> **Extracted records**
- - -

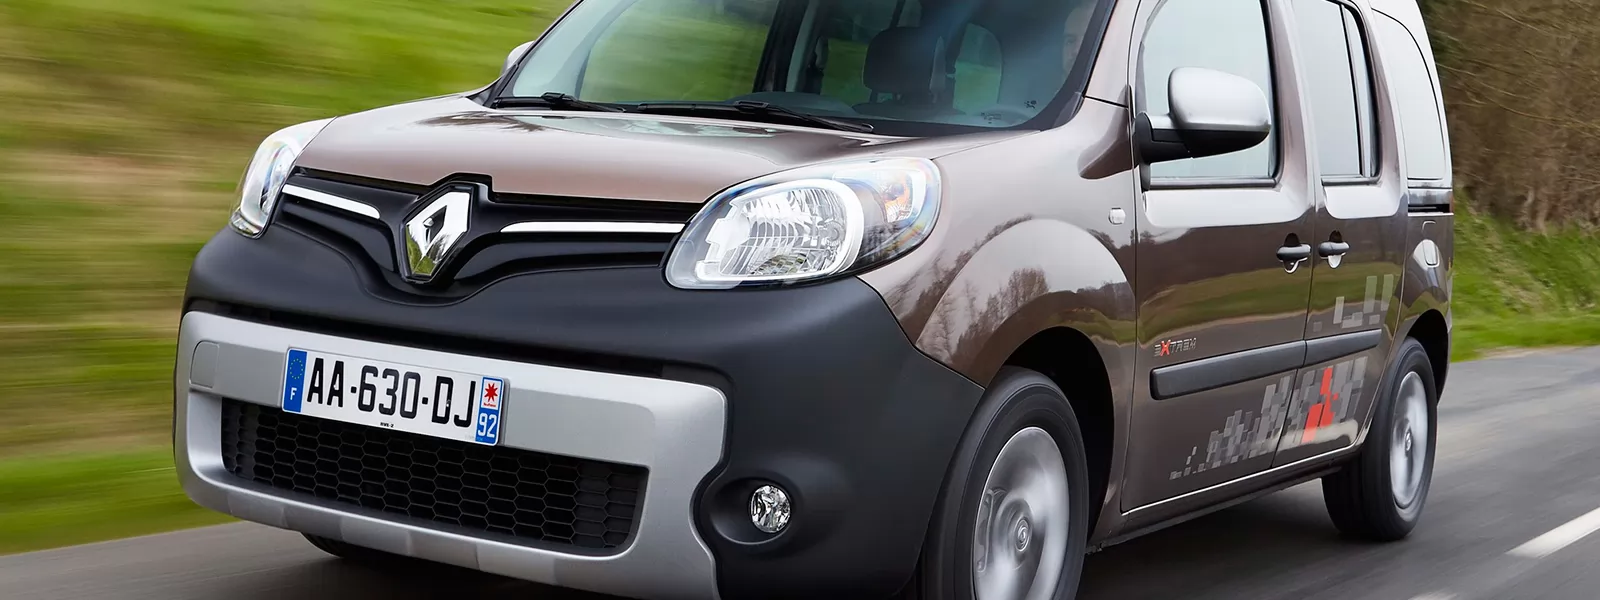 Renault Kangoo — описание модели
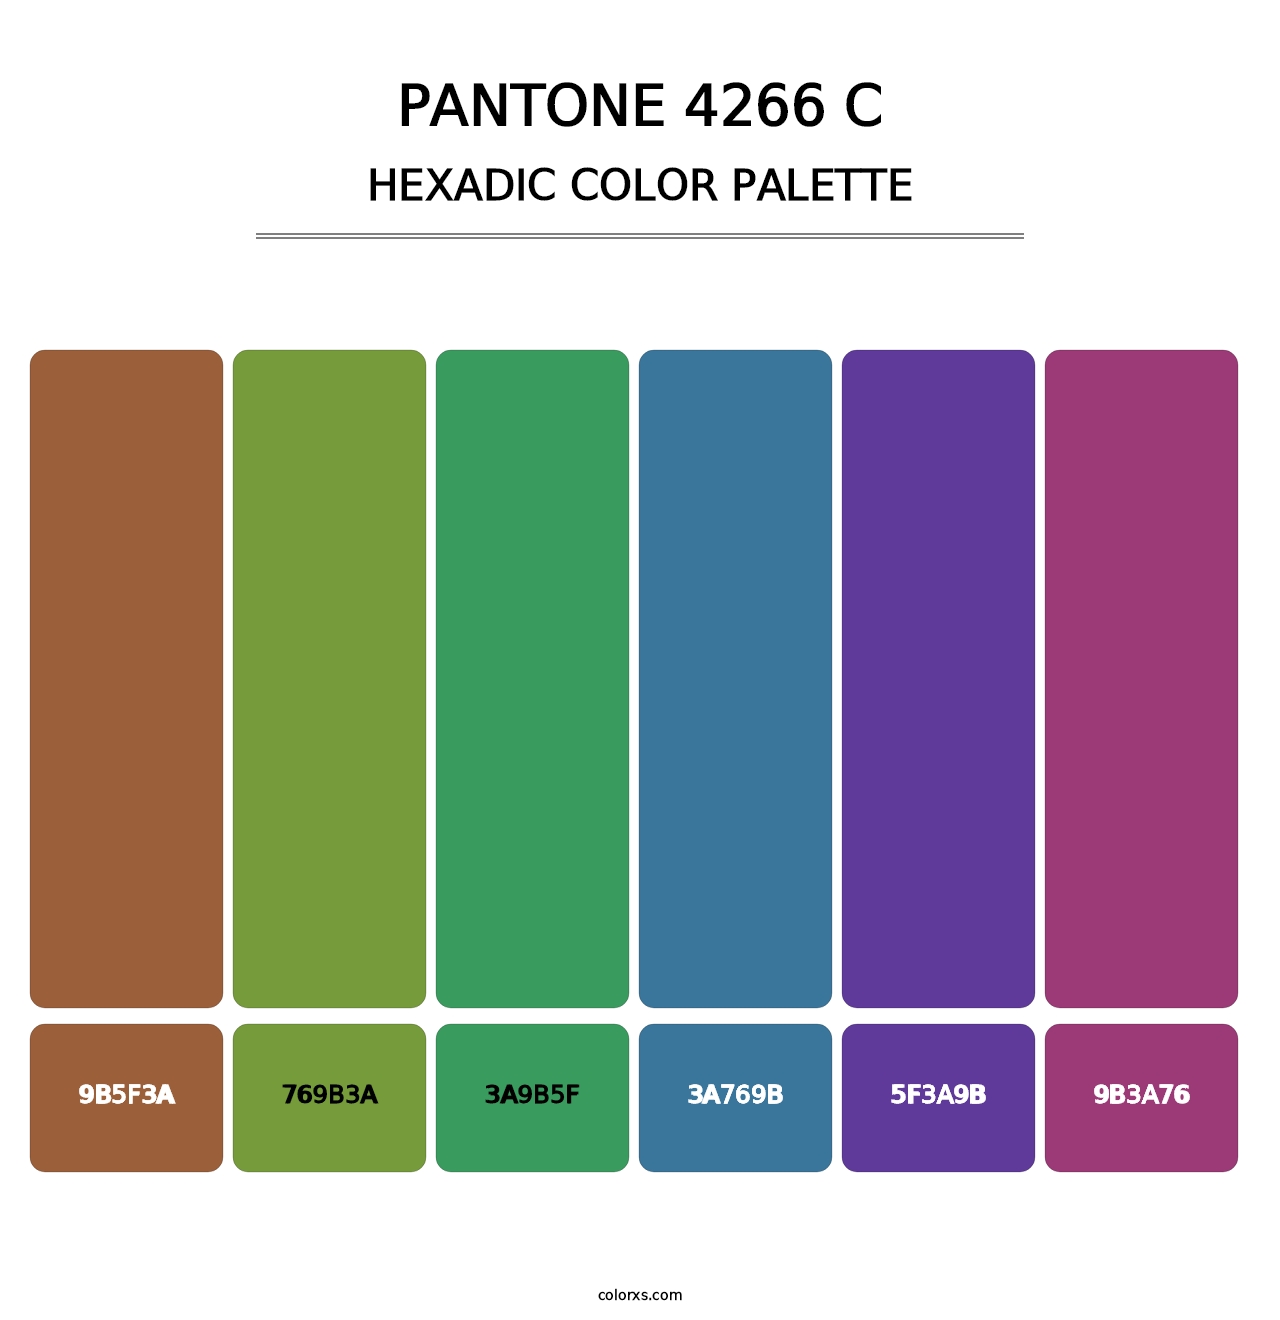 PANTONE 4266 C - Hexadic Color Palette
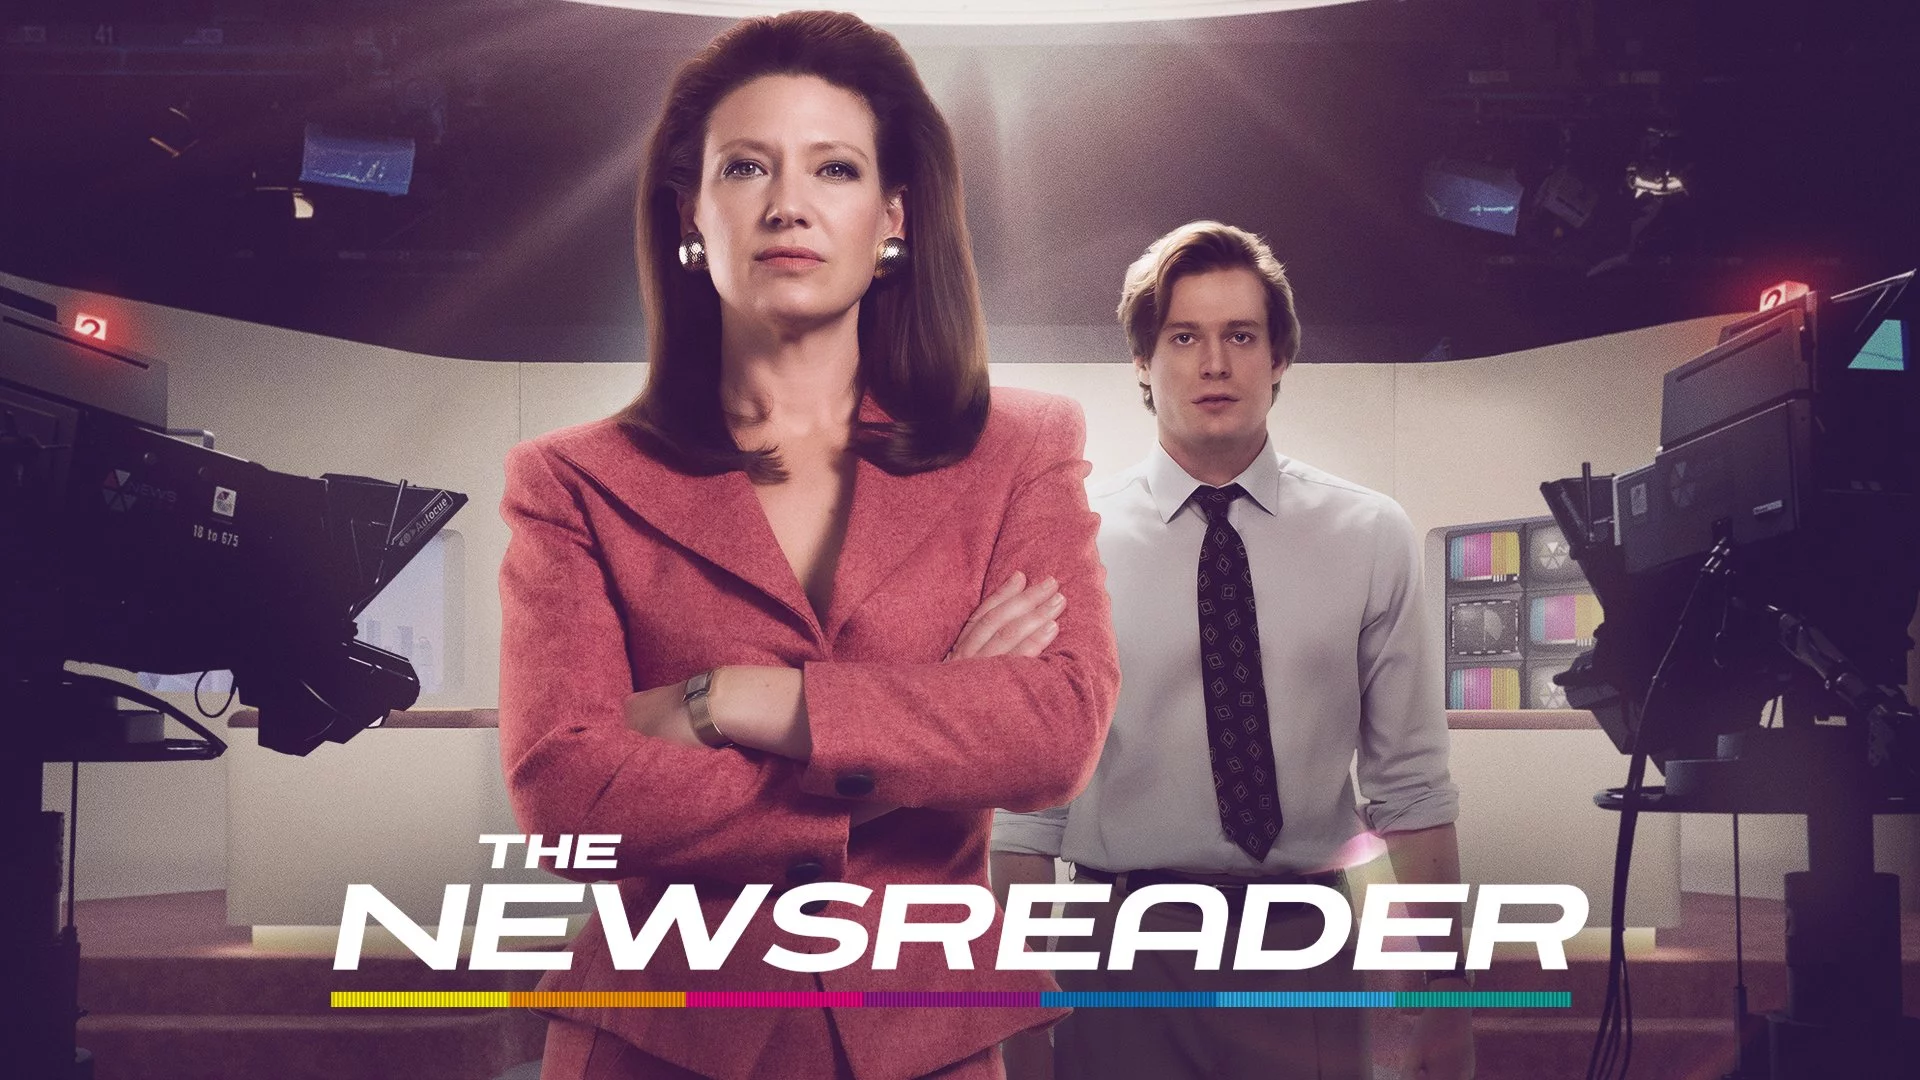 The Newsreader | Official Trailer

- - -

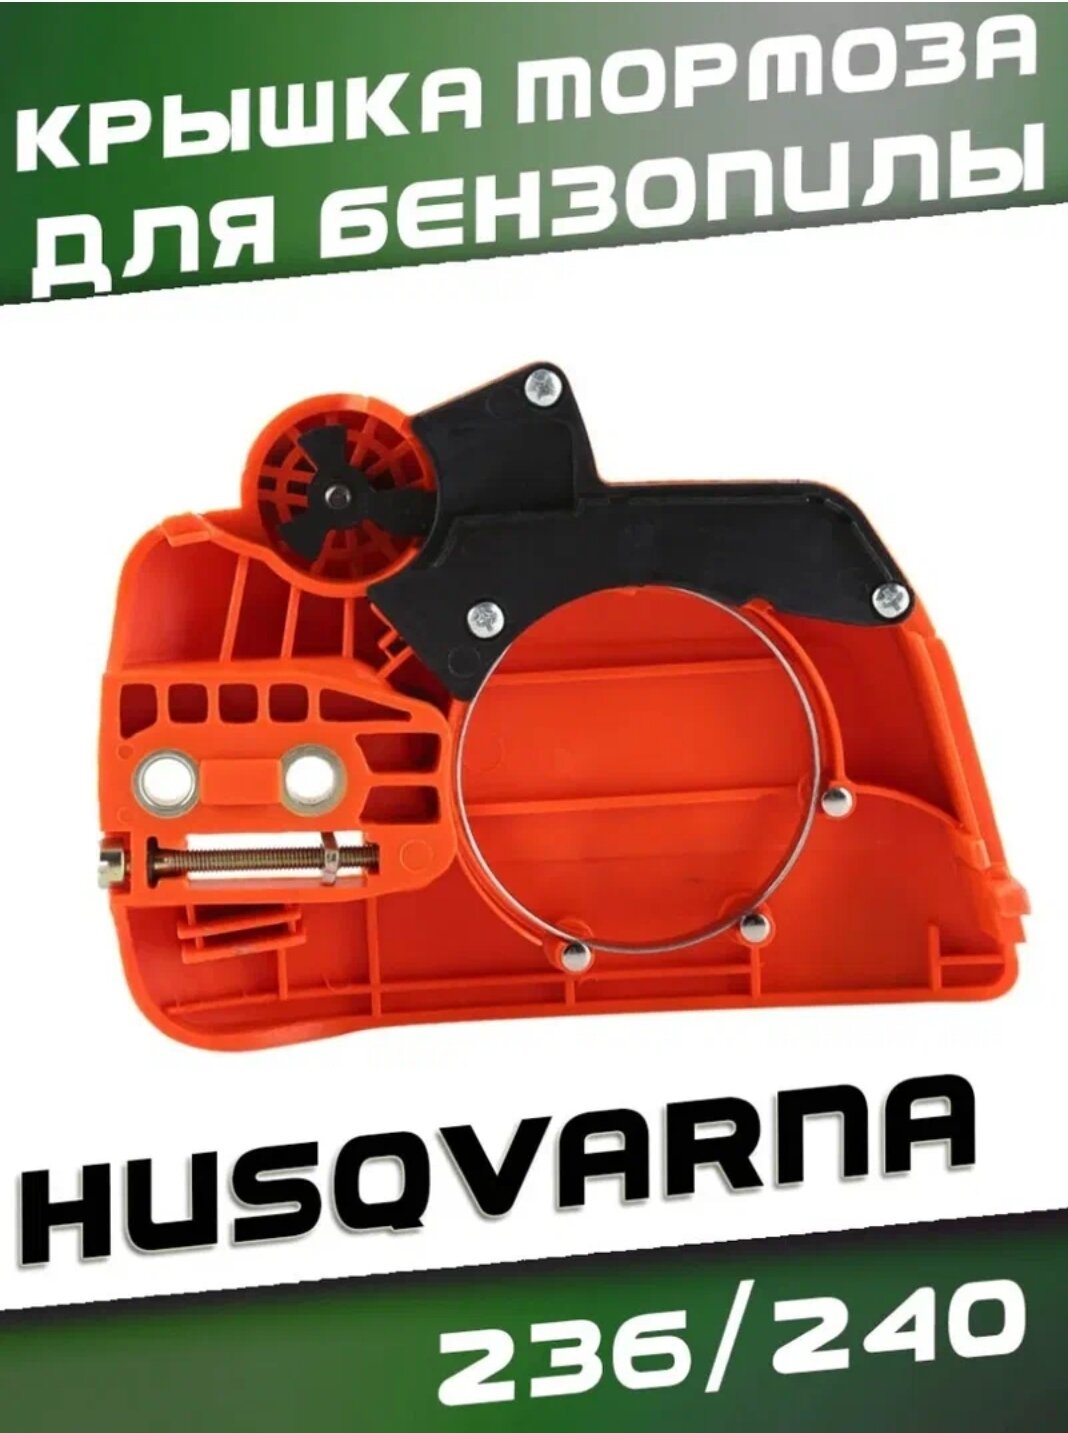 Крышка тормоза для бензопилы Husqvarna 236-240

- - -

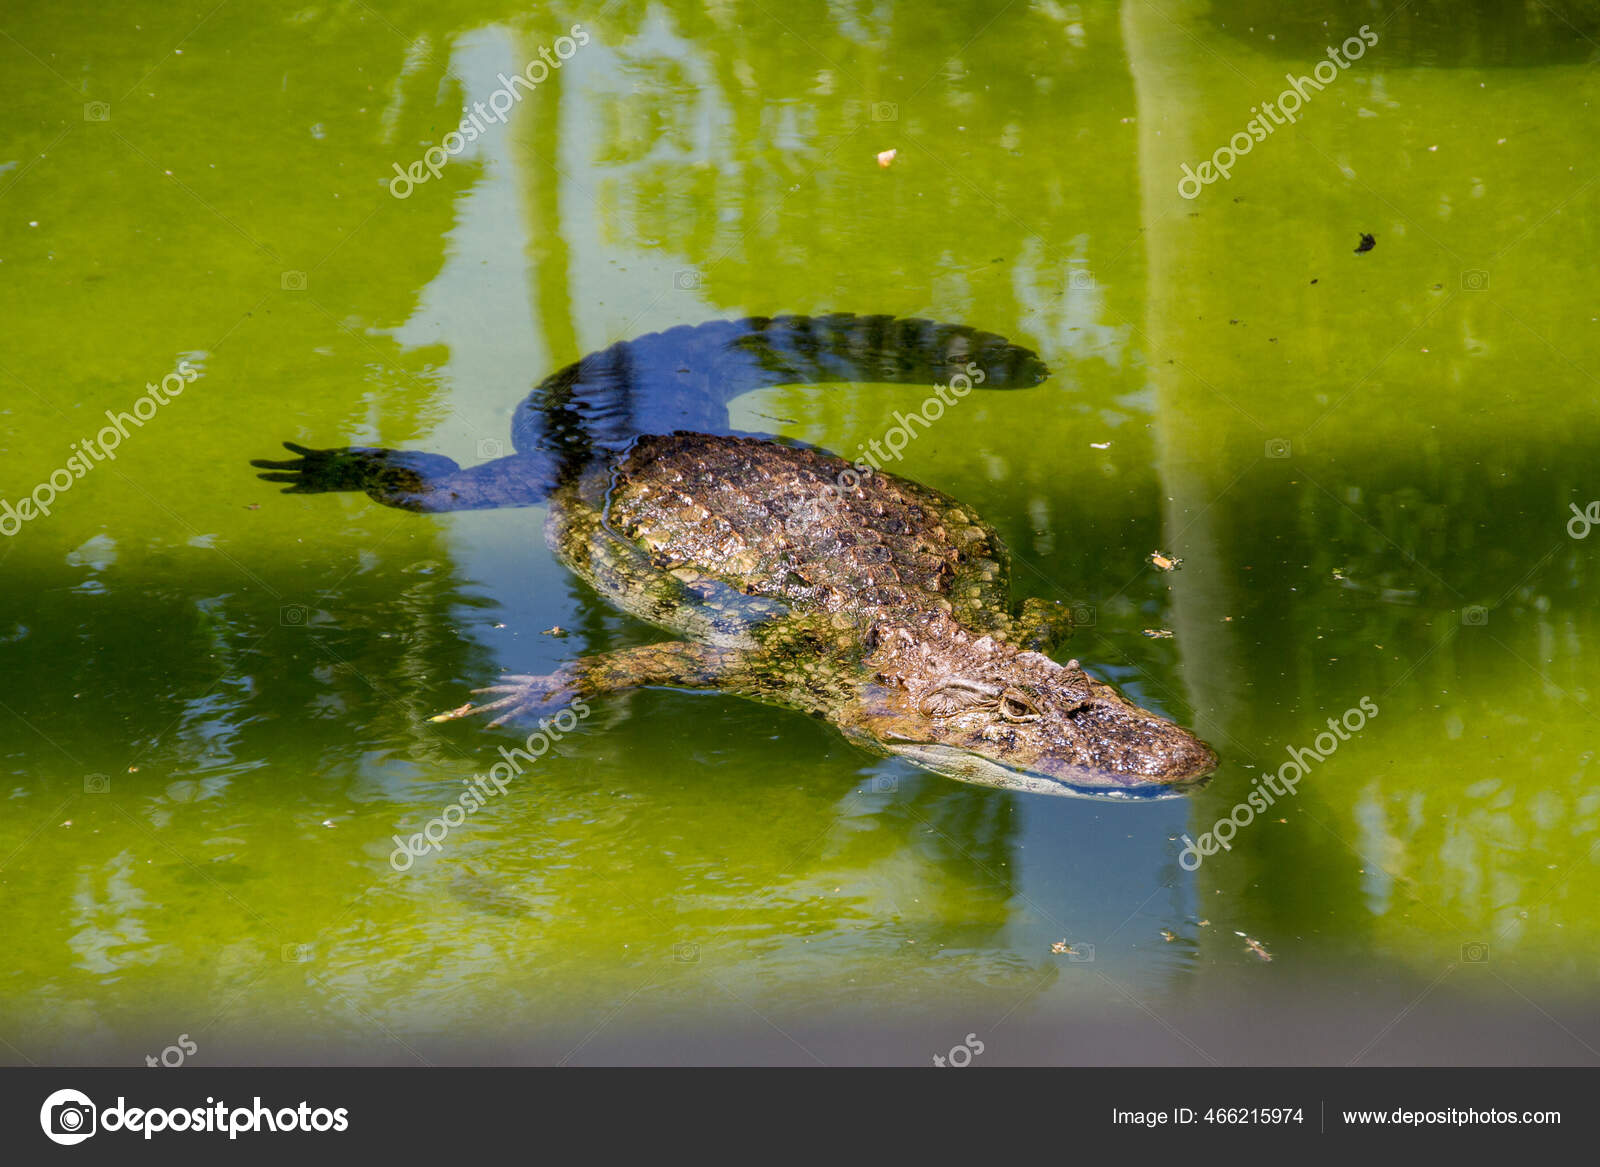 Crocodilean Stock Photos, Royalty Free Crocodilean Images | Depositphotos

- - -

> **What is needed**
Beginning with the line above that has "Renault Kangoo — описание модели" and going on through the line that has "The Newsreader | Official Trailer", retype every line exactly and add nothing else; drop the pictures.

> **Response**
 Renault Kangoo — описание модели
 PANTONE 4266 C - Hexadic Color Palette
 The Newsreader | Official Trailer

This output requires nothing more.